National Partnership for Women & Families

In the News

Blogs comment on repro rights and access under the new administration, protecting Roe v. Wade and more

Read the week's best commentary from bloggers at Bustle, Ms. Magazine blog and more.


"Should I [consider] get[ing] an IUD before Donald Trump Takes office? Bustle's panel of reproductive rights experts answers your questions," Emily Shire, Bustle: Following the outcome of last week's elections, "many women have expressed concern over what will happen to their health care, especially when it comes to their reproductive rights," Shire writes. For instance, she cites "worries over whether women should get [intrauterine devices] before [President-elect Donald] Trump takes office," given his pledge to repeal the Affordable Care Act (PL 111-148). In addition, Shire notes there are "questions over how abortion access could be impacted if Trump sticks to his plan to appoint" Supreme Court justices who oppose abortion rights. In response to these concerns, a Bustle panel of reproductive experts "discussed how women can prepare for any concerns they may have for a future under President Trump and" a conservative Congress, but they "also stressed that they have been having to fight for women's reproductive rights well before the election outcomes." The panelists closed by outlining how abortion-rights supporters "can help protect women's reproductive rights, from donating to volunteering to speaking up in [the] community." As one panelist -- Raegan McDonald-Mosley, a physician and chief medical officer at Planned Parenthood -- said, "Fight back against the hateful rhetoric that is being spewed around our country, and let people know that this is not the America that we stand for" (Shire, Bustle, 11/17).

What others are saying about contraception:

~ "IUD sales set to soar after Trump win," Kevin Drum, Mother Jones.


"A Trump/Pence administration is a threat to women, science and human rights," Serra Sippel, Ms. Magazine blog: President-elect "Donald Trump's attempt to moderate his public rhetoric cannot mask Vice-President Elect Mike Pence's extensive record of eroding the health and rights of women, members of the LGBT community and immigrants," Sippel writes. She notes that Pence, who "will play a pivotal role in shaping not only the cabinet but also will be deeply involved in setting White House policy," has long "been a vocal and active proponent of anti-women and anti-rights legislation and regulations." For example, according to Sippel, he has supported abortion restrictions, such as a bill redefining rape and a measure permitting "hospitals to deny women abortion access even in life-threatening situations." In addition, Pence has expressed support for reinstating the Global Gag Rule, supported abstinence-only sex education, indicated he would like to overturn Roe v. Wade, "pioneered the defunding of Planned Parenthood with the Pence Amendment in Congress" and was in place as governor of Indiana while the state prosecuted Purvi Patel for "feticide." Sippel concludes, "Make no mistake: [The new] administration is a threat to the health and rights of women and girls in the U.S. and globally" (Sippel, Ms. Magazine blog, 11/17).

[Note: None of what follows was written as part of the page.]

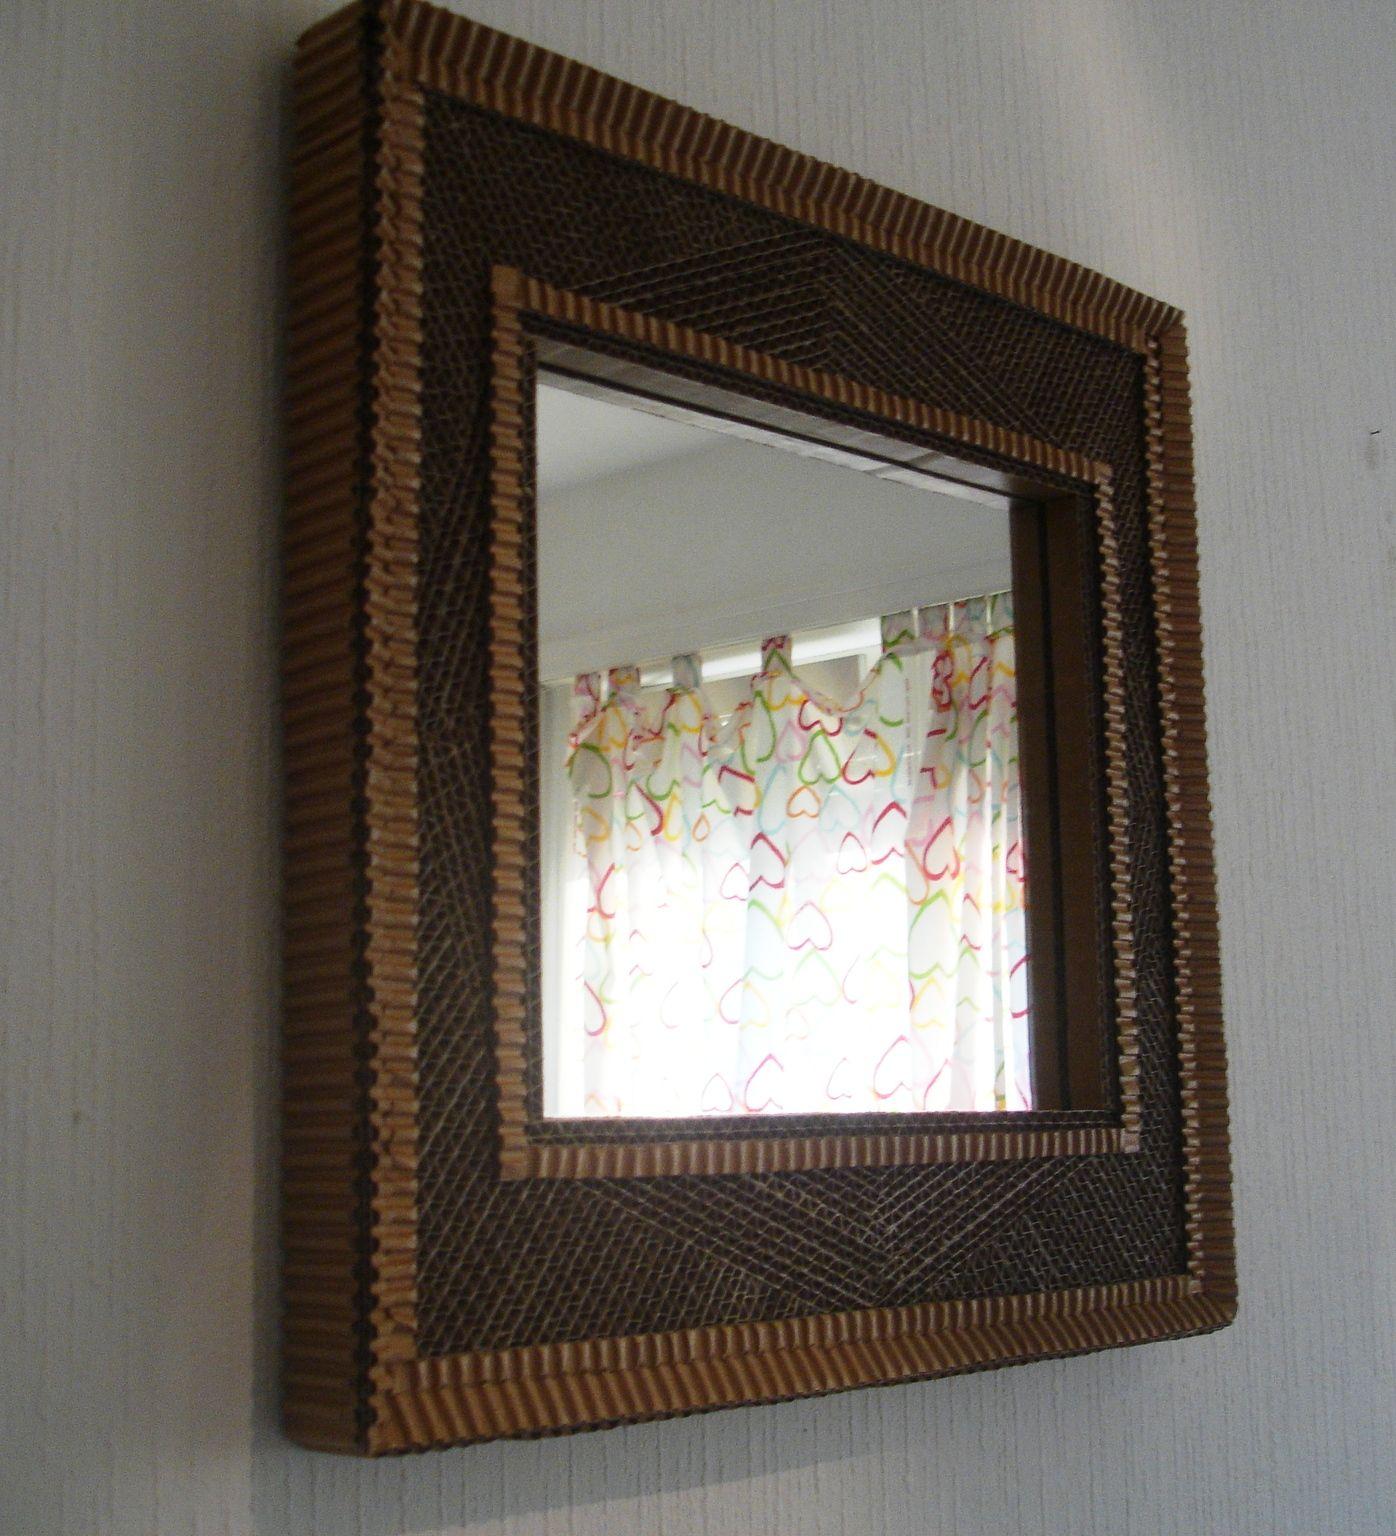 marco de carton | marcos para espejos en carton | Pinterest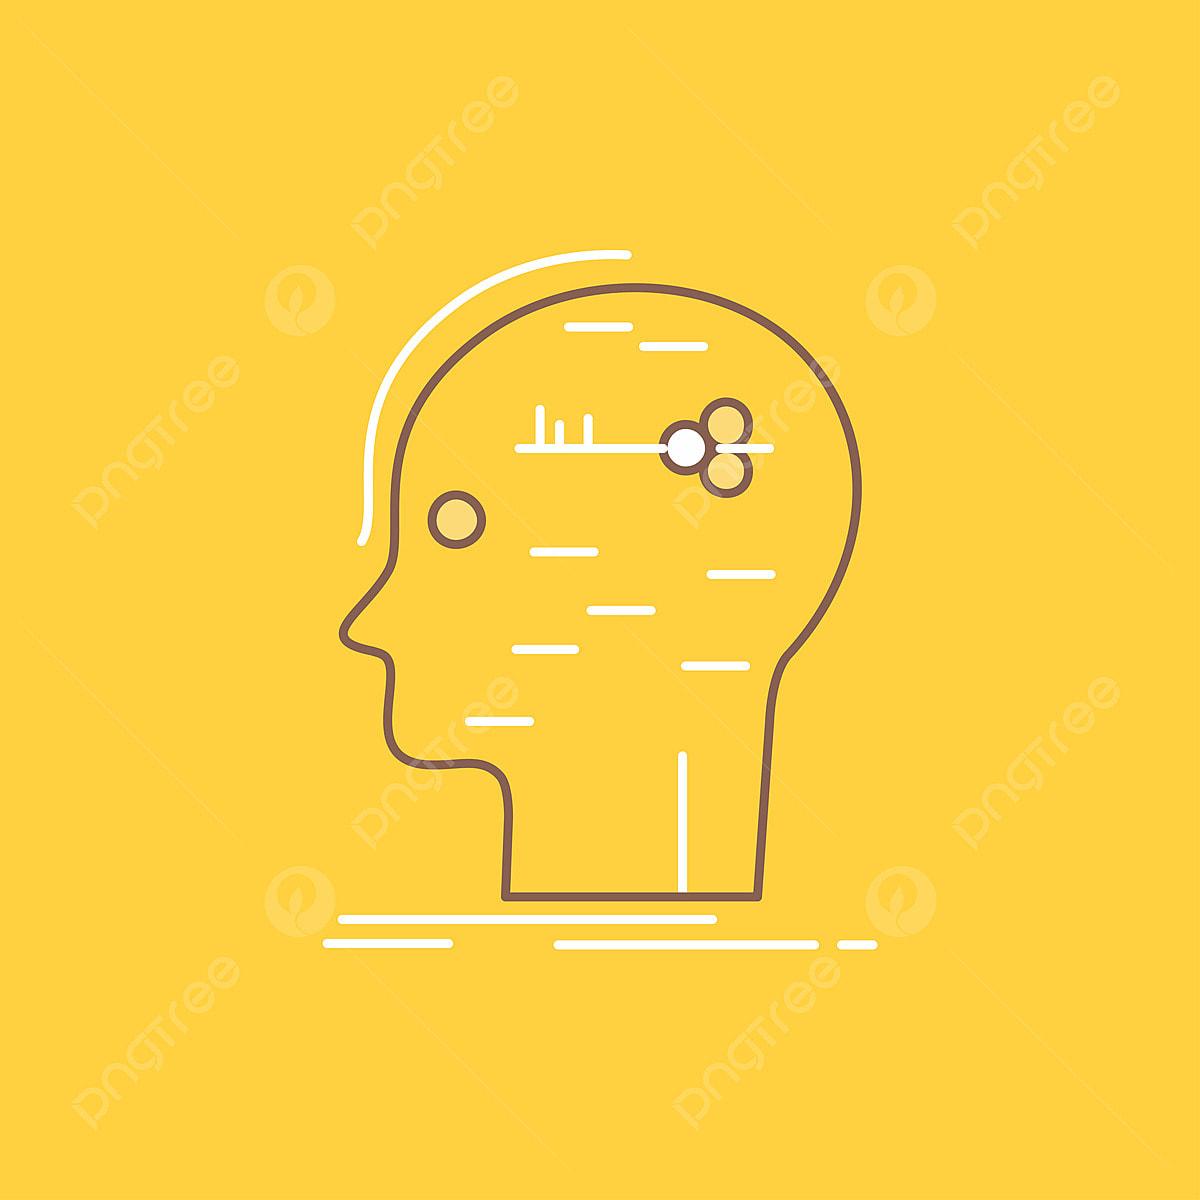 Brain Hack Hacking Key Mind Flat Line Filled Icon Beautiful

"On overturning Roe: 'We're not going to let it happen,'" Women's Law Project blog: Citing President-elect Donald Trump's comments in favor of overturning Roe v. Wade, the Women's Law Project (WLP) blog reiterates WLP's pledge "to battle any efforts to overturn" the landmark ruling. According to the blog, overturning Roe and allowing states to determine the legality of abortion could force women to travel across state lines to access abortion care, a scenario that "ignores the reality that many women would not be able to afford the time off or travel expense to do so." Citing research showing that "criminalizing abortion does not affect abortion rates," the blog states that such a scenario would only "determin[e] who has access to ... safe and regulated" abortion care. "We don't need to speculate what would happen if [this scenario] becomes a reality, we already know from before Roe, and current public health analysis of other countries where abortion is criminalized and therefore not regulated," the blog continues, noting, "Around the world, 68,000 women die of unsafe abortion annually, making it a leading cause of maternal mortality (13%)." According to the blog, "Roe v. Wade didn't make abortion legal; it enshrined abortion in the Constitutional right to privacy, thereby prohibiting states from criminalizing it outright." Noting that "[a]t least 11 states have unenforced, pre-Roe bans that threaten to cast the legality of abortion into doubt in those states should Roe be overruled," the blog concludes, "If ... the issue of abortion was returned to the states, access to safe and affordable abortion would be determined by geography -- and income" (Women's Law Project blog, 11/15).